--- Information supplied ---
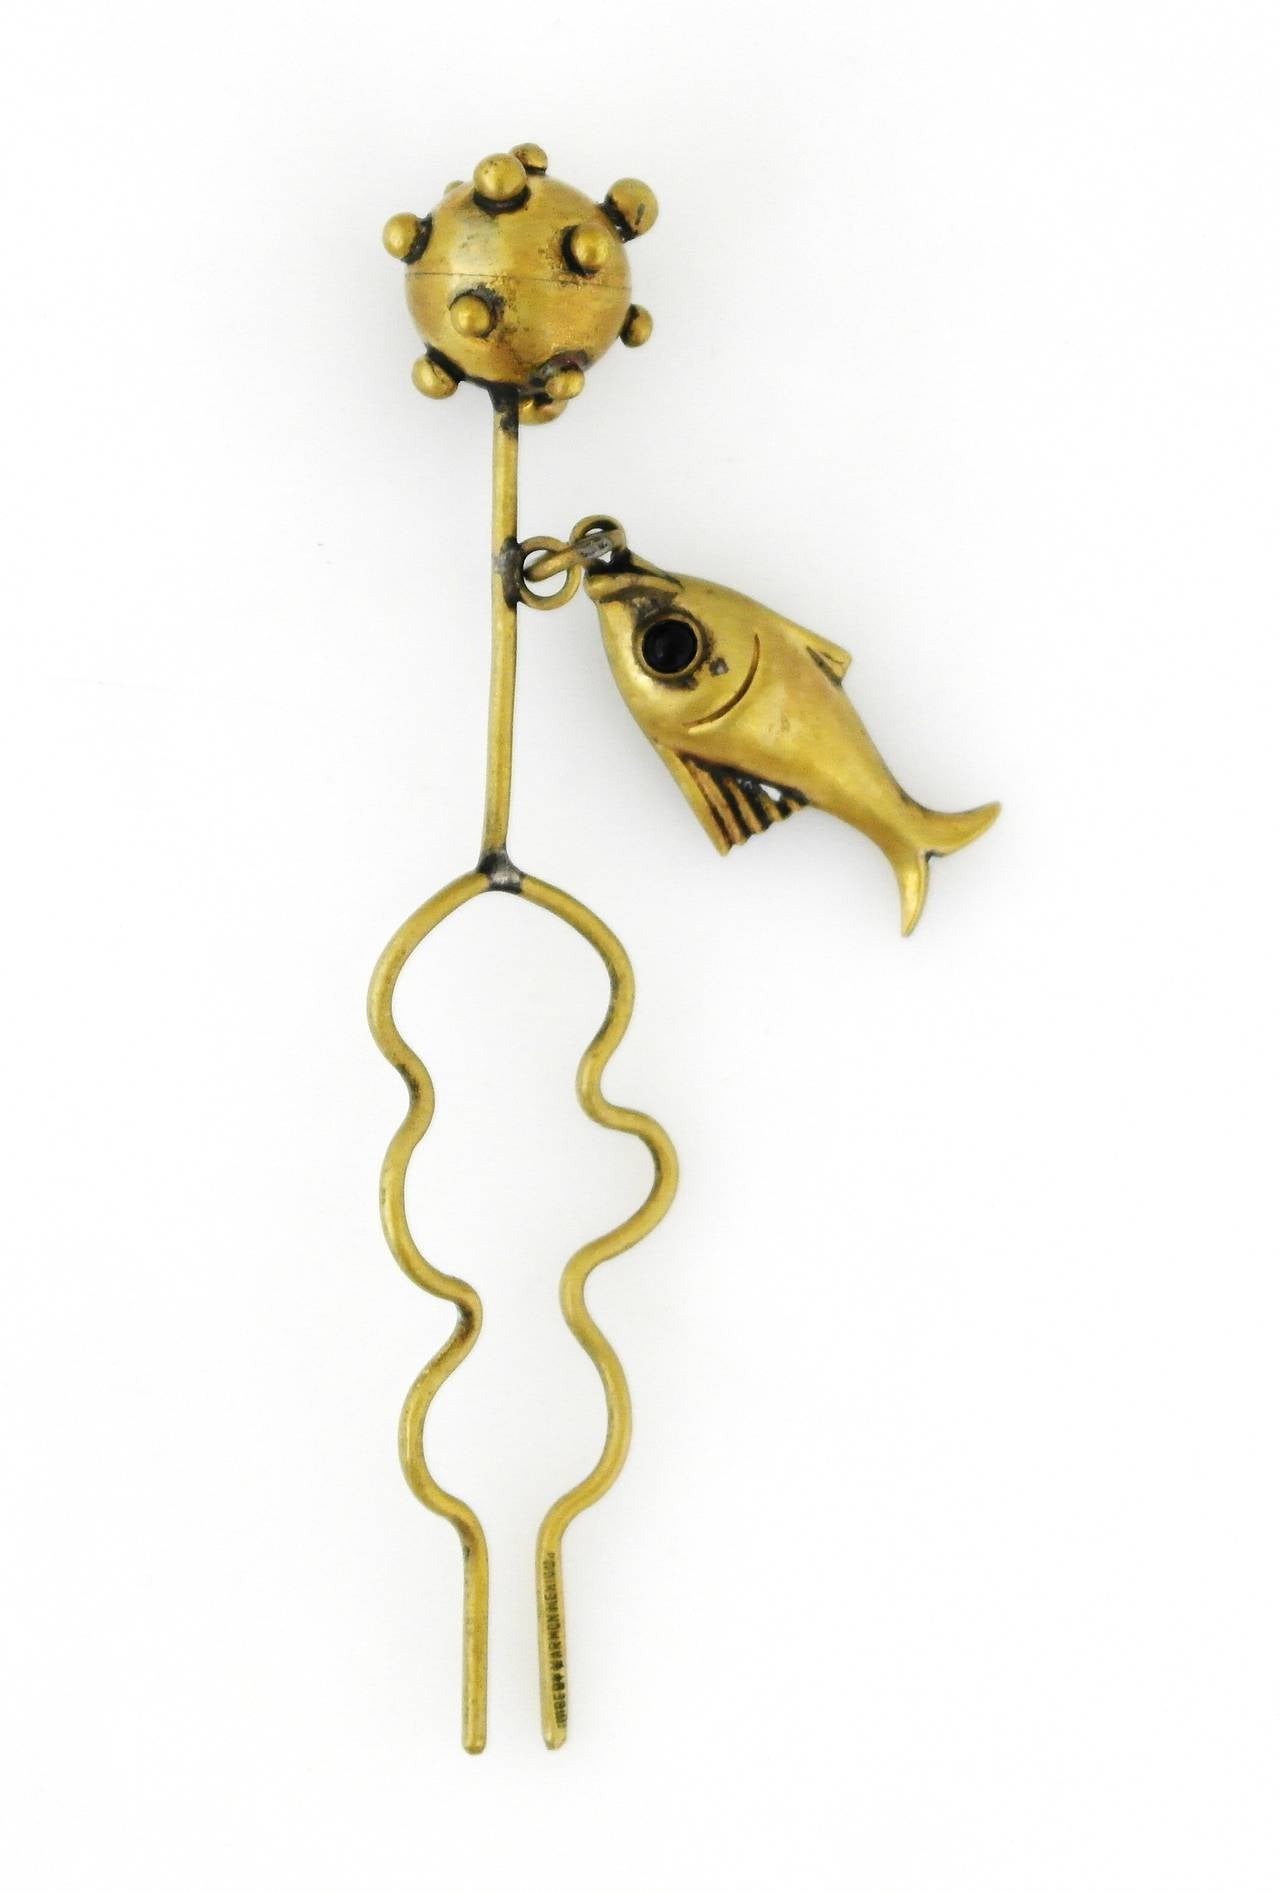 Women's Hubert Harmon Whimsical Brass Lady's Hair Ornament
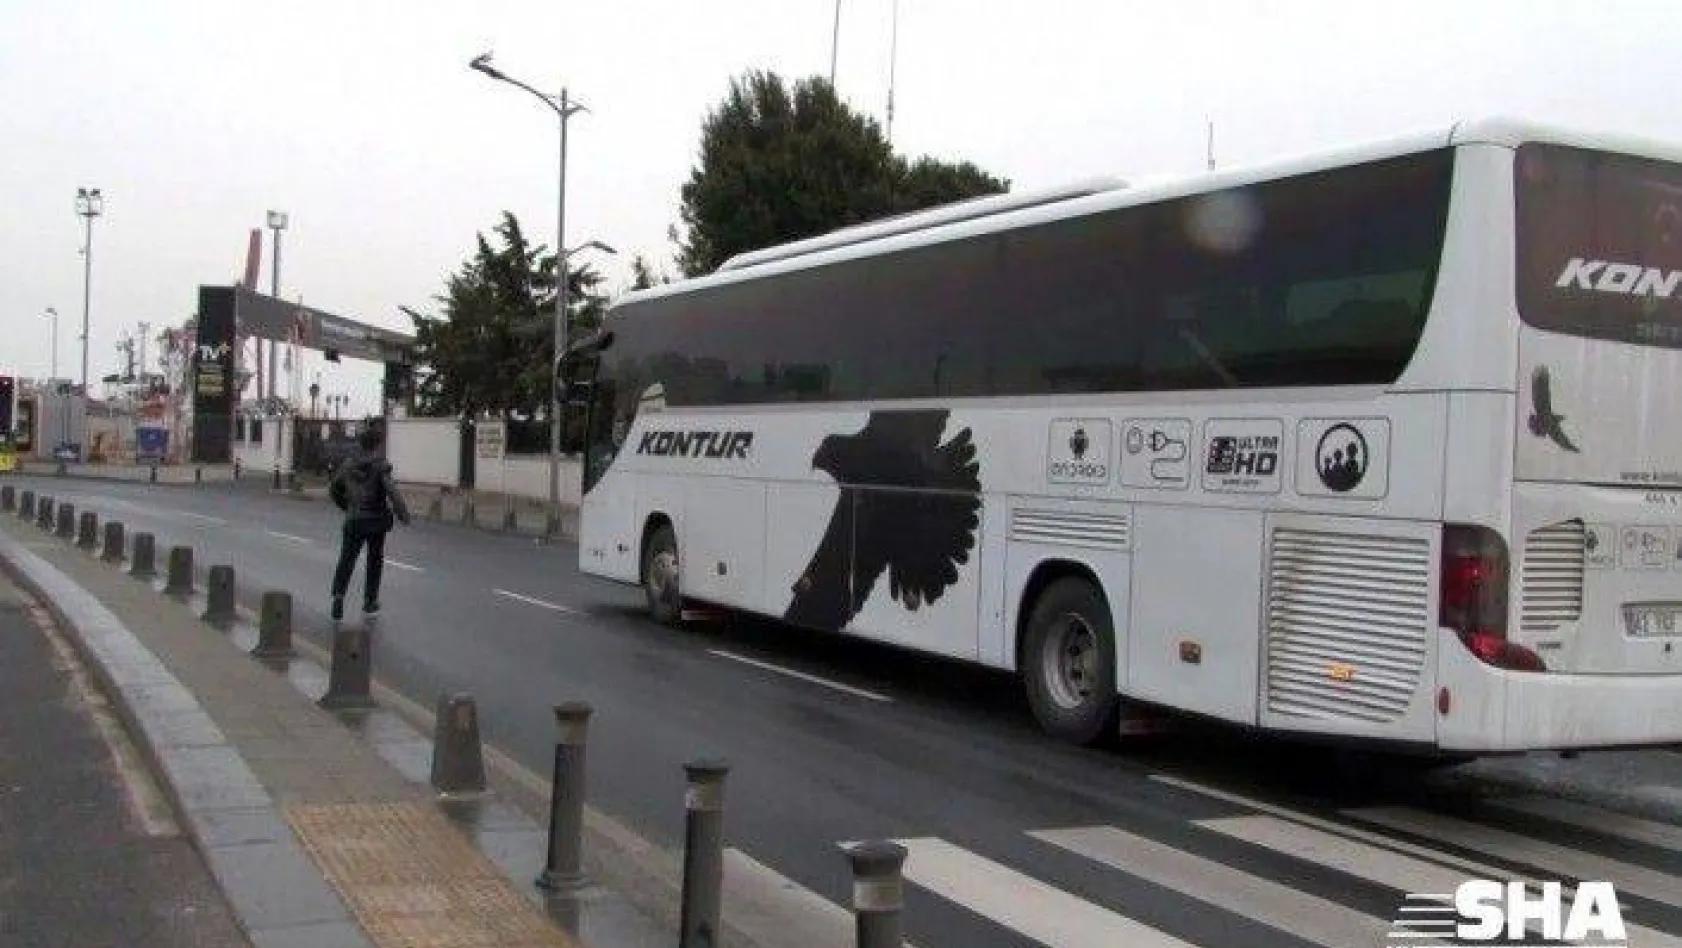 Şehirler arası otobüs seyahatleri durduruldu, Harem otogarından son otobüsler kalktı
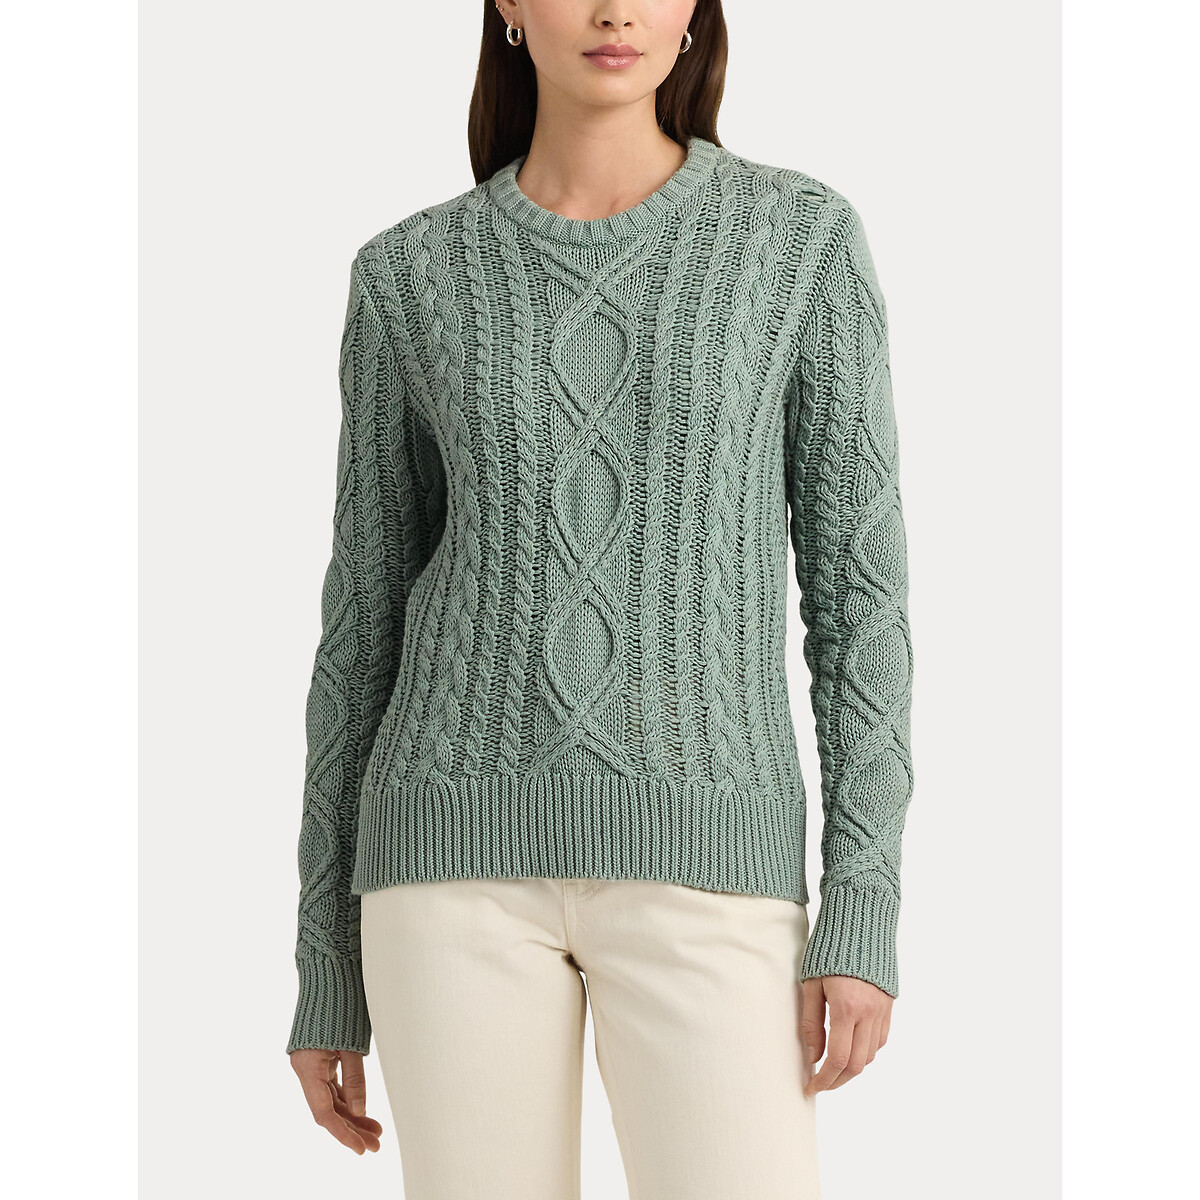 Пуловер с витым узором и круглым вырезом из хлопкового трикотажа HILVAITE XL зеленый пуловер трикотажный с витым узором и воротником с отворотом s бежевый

--- What is needed ---
Since the listing holds pictures, return everything else in it exactly and omit those.

--- Answer section ---
 Women's Hubert Harmon Whimsical Brass Lady's Hair Ornament
 Şehirler arası otobüs seyahatleri durduruldu, Harem otogarından son otobüsler kalktı
 Пуловер с витым узором и круглым вырезом из хлопкового трикотажа HILVAITE XL зеленый пуловер трикотажный с витым узором и воротником с отворотом s бежевый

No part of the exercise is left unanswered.